RANTIN: Lexington Sheriff’s deputy tops in his class

brantin@thestate.com (803) 771-8306October 16, 2013 

Kason B. Gardner

— Lexington County Sheriff’s Department Deputy Kason B. Gardner recently received the J.P. Strom Award from the S.C. Criminal Justice Academy.

Gardner, 22, of Batesburg-Leesville received the academy’s top academic award for achieving the highest cumulative point total for all written tests given during the basic law enforcement officer training session.

He was honored by Criminal Justice Academy director Hubert F. Harrell during graduation ceremonies for Basic Law Enforcement Training Session 606.

Gardner joined the Lexington County Sheriff’s Department in April.

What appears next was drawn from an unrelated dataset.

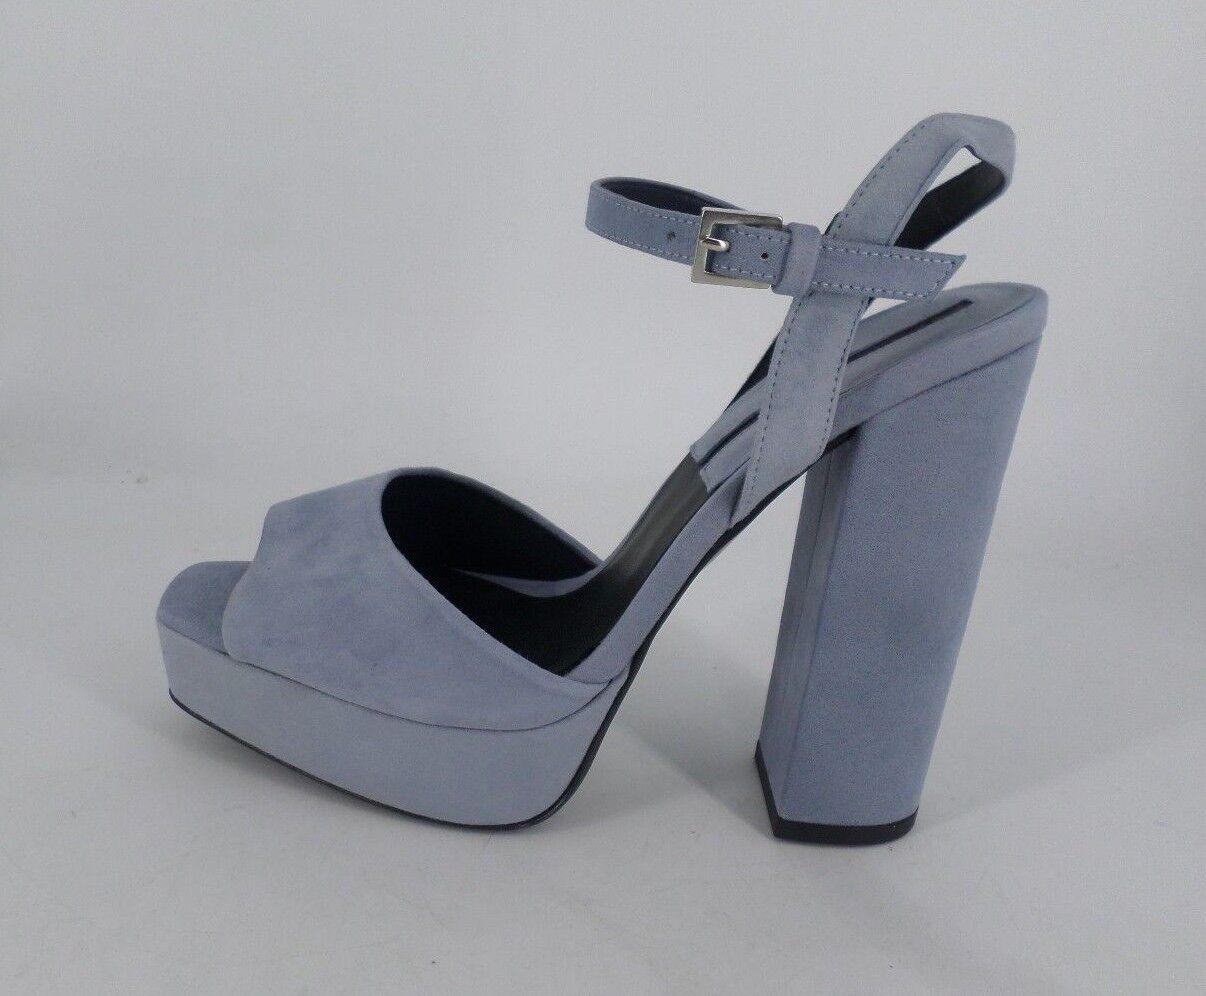 Zara Sandalias de de de plataforma de ante azul UK 5 EU 38 JS52 37  venta mundialmente famosa en línea

“Kason joins a select number of exceptional law enforcement officers in South Carolina who have earned the highly coveted J.P. Strom Award,” Sheriff James Metts said.

“Kason already has developed a reputation at our agency for performing his duties at a high level,” the sheriff added. “When you give Kason an assignment, you can count on it being done correctly. I believe that Kason will be an excellent deputy.”

Gardner will be assigned to a road patrol shift after completing the field training program required by the Sheriff’s Department.

Buddy Walk this weekend

Family Connection of South Carolina will hold its 14th annual Columbia Buddy Walk, beginning at 1 p.m. Sunday at Sesquicentennial State Park.

Family Connection provides support, resources and information to families of children with special healthcare needs, and the walk raises awareness for individuals with Down syndrome.

The 1.5-mile Buddy Walk, a family-friendly event, will include food, exhibitors, games and activities. Participants can enjoy a DJ, bounce castles, pony rides, face painting, and arts and crafts.

“The Buddy Walk is a wonderful opportunity to educate the community and raise awareness for people who have Down syndrome,” said Seana McKee, Columbia Buddy Walk coordinator. “The focus of the walk is not on disabilities, but on abilities and talents. It is an inspirational day where we all walk together to support people with Down syndrome and their families.”

The Buddy Walk was established in 1995 by the National Down Syndrome Society to promote acceptance and inclusion of people with Down syndrome and to celebrate Down Syndrome Awareness Month in October. Last year’s walk raised more than $59,000 and drew 1,200 participants.

Sesquicentennial State Park is at 9564 Two Notch Road in Columbia.